European Central Bank policy makers played down market expectations that a new round of long-term loans is imminent, even after President Mario Draghi indicated that he’s ready to provide funds to banks if needed.
“There has been no specific discussion on what the right instrument would be in case there would be a need for the ECB to act,” Executive Board member Benoit Coeure said at an event at the Bank of Finland in Helsinki today. “There is a clear commitment by the governing council of the ECB to make sure the liquidity we issue will remain ample.”
Coeure’s comments were echoed today by Finnish central bank governor Erkki Liikanen, Austria’s Ewald Nowotny and Vice President Vitor Constancio. The officials said that while a discussion is taking place within the ECB, Mario Draghi’s comment yesterday that he’s ready to deploy another LTRO if required didn’t mean they’re committed to action at the moment. Excess liquidity in the financial system is approaching the 200 billion-euro ($270 billion) level the Frankfurt-based central bank has previously signaled as a lower limit.
“It’s important for us to remind everyone that there are instruments in our box to be used if the data will justify it,” Constancio said at an event in Madrid. “We aren’t committed to any particular policy measures right now.”
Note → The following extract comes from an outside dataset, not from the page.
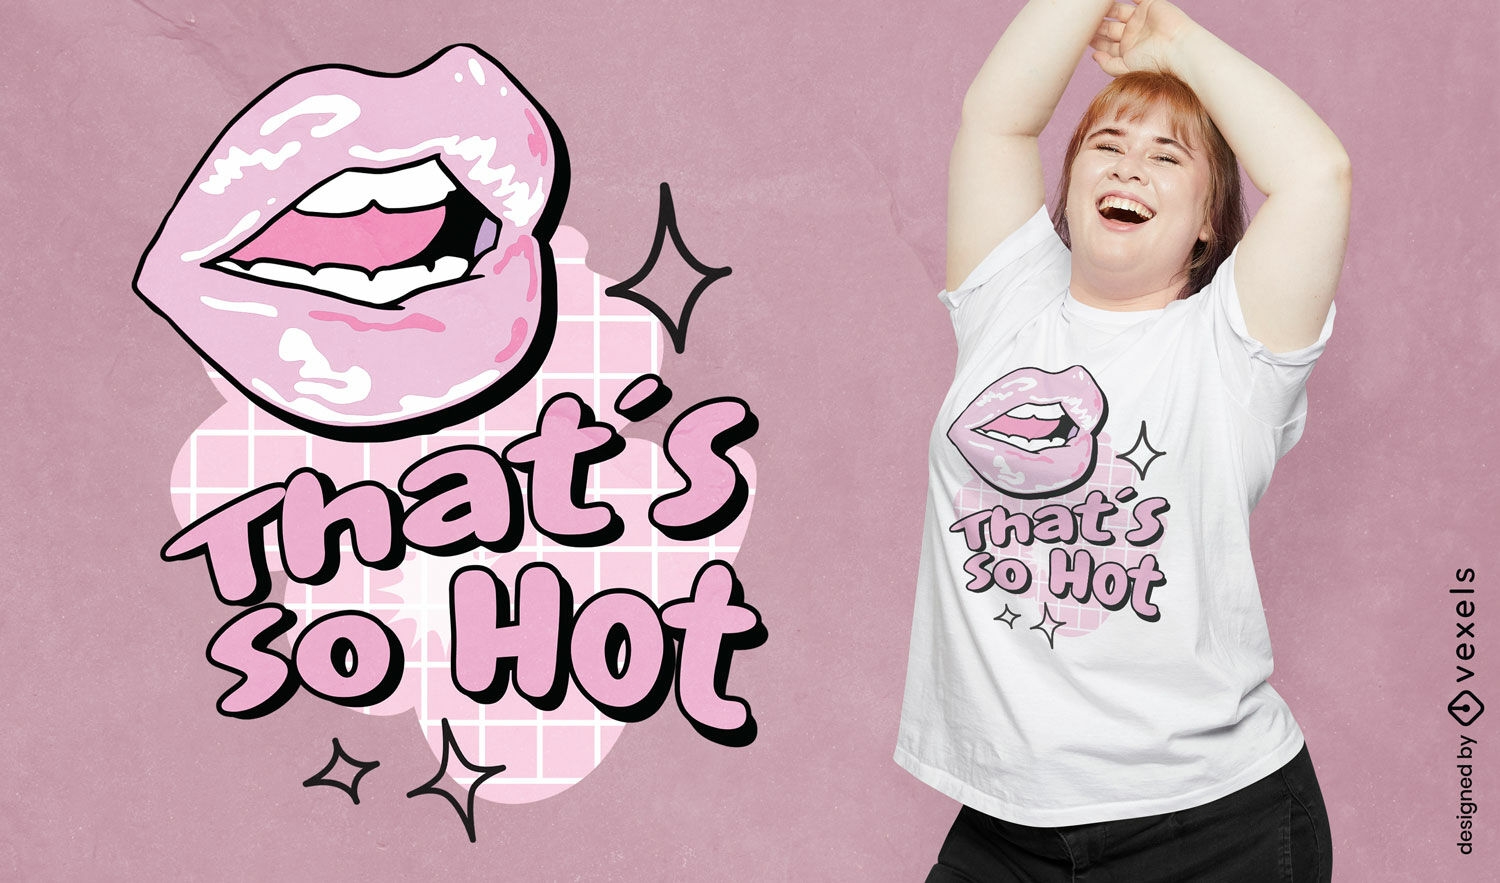 That's so hot glossy lips 2000s quote t-shirt design

The euro fell yesterday and euro-area government debt, including German bunds, rose after Draghi’s comments. As a credit crunch in the 17-nation euro area loomed at the end of 2011, the ECB offered banks as much cash as they needed for up to three years, repeating the offer in early 2012. More than 1 trillion euros was injected into the financial system.
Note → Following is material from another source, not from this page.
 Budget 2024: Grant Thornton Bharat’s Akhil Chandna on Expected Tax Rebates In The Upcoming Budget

In Brussels yesterday, Draghi said the ECB is committed to keeping the cost of borrowing in the region in check as a fragile economic recovery takes hold, and is attentive to the effect that a reduction in stimulus in the U.S. may have on money-market rates in Europe.
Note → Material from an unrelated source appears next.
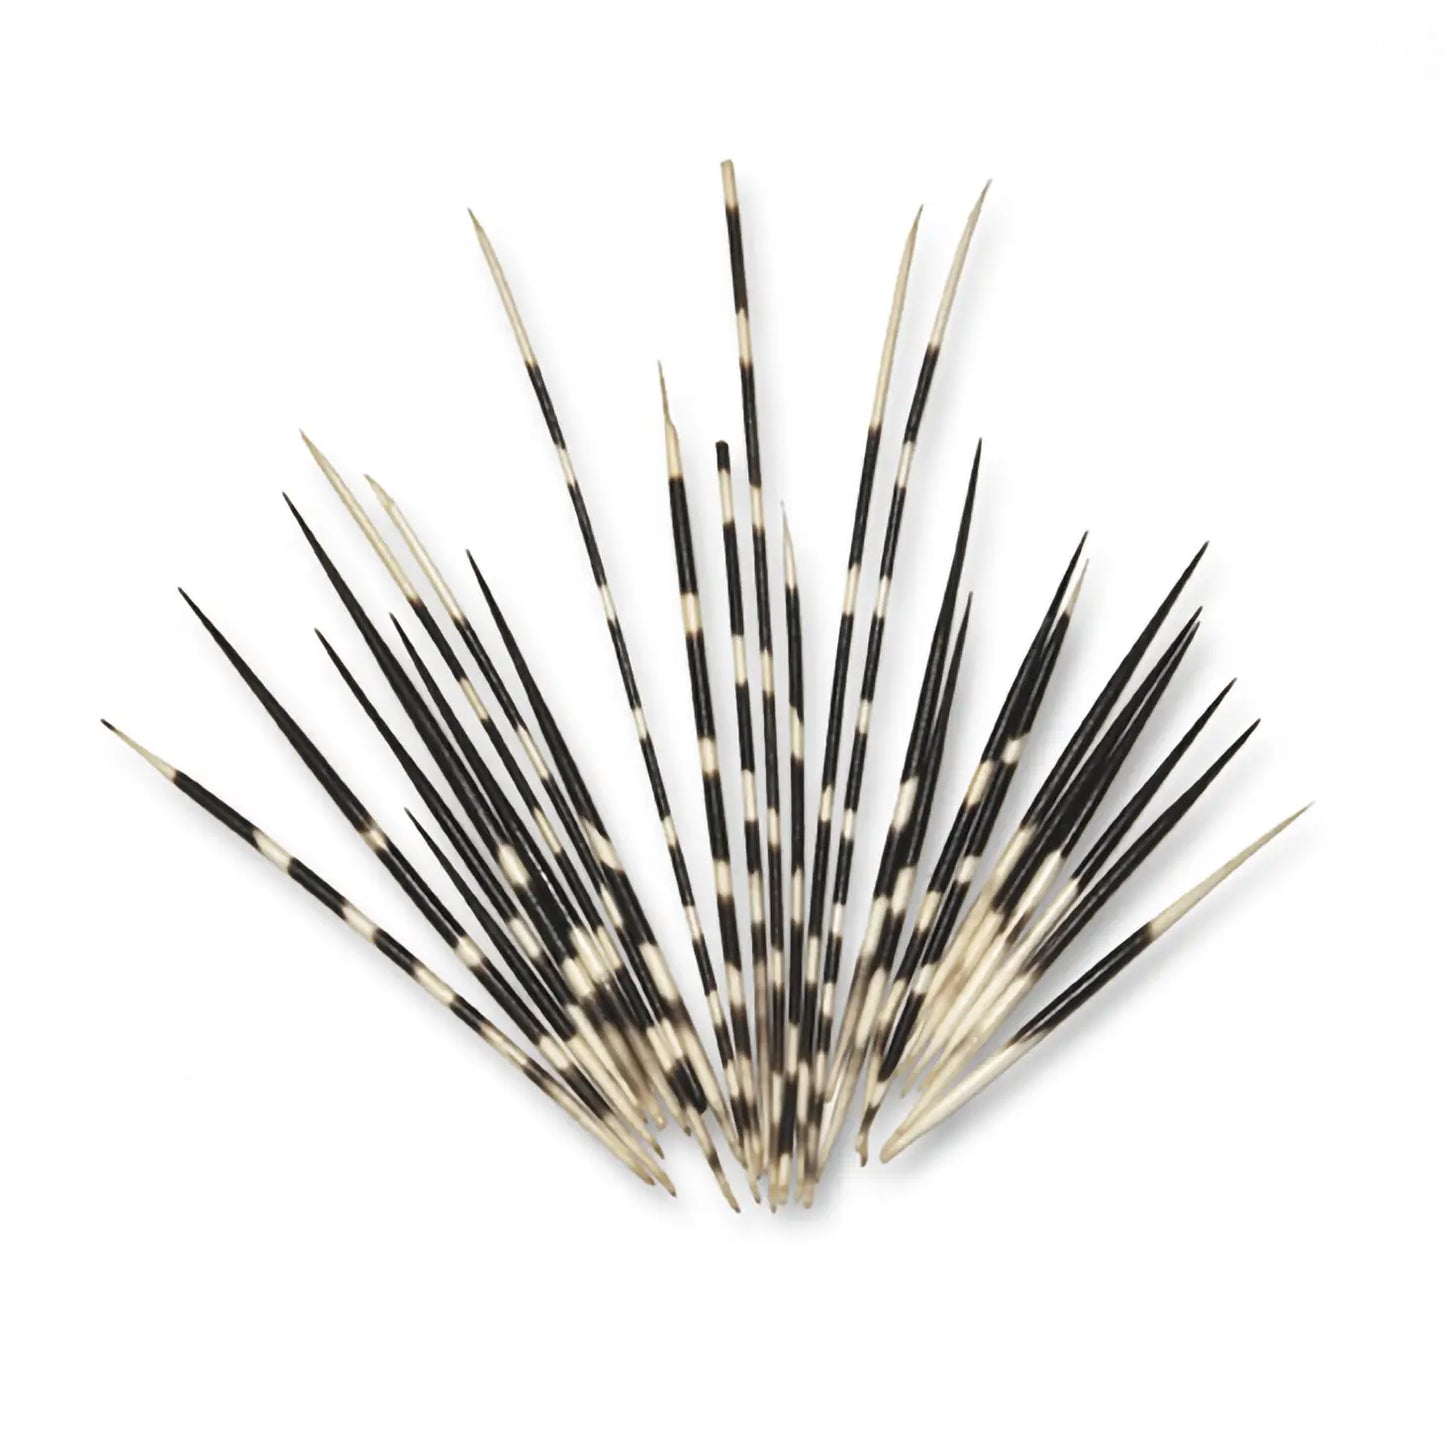 South African Porcupine Quills - Set of 15

“We are ready to use any instrument, including another LTRO if needed, to maintain the short-term money markets at the level that is warranted by our assessment of inflation in the medium term,” Draghi said in response to questions from members of the European Parliament.
The amount of spare cash in the financial system is dwindling as banks repay the three-year loans, helping to push up expectations of future borrowing costs this year as measured by Eonia forward rates. Those market rates have eased after the introduction of forward guidance on ECB interest rates in July and repeated pledges by officials to keep rates low.
Andrew Bosomworth, managing director of Pacific Investment Management Co., which runs the world’s biggest bond fund, told Bloomberg TV today that the ECB could still be forced into action by the end of the year.
“We’re looking at a very low growth profile in the euro zone,” he said. “If that does initiate the need for a policy change, we’re probably looking first of all at forward guidance -- words are cheap, the ECB will try and talk rates down -- and, failing that, another long-term refinancing operation, a two-year one at the December meeting.”
The ECB forecasts an economic contraction of 0.4 percent in the euro area this year and growth of 1 percent in 2014, while it expects inflation to average 1.5 percent and 1.3 percent, respectively. Nowotny said today that while the need for liquidity injections is falling, the ECB retains the ability to step in.
“It’s important to show that that we have all instruments available, and they are flexible,” Nowotny said at an event in Vienna. A further LTRO “is a discussion we are having and will have in the ECB,” he said.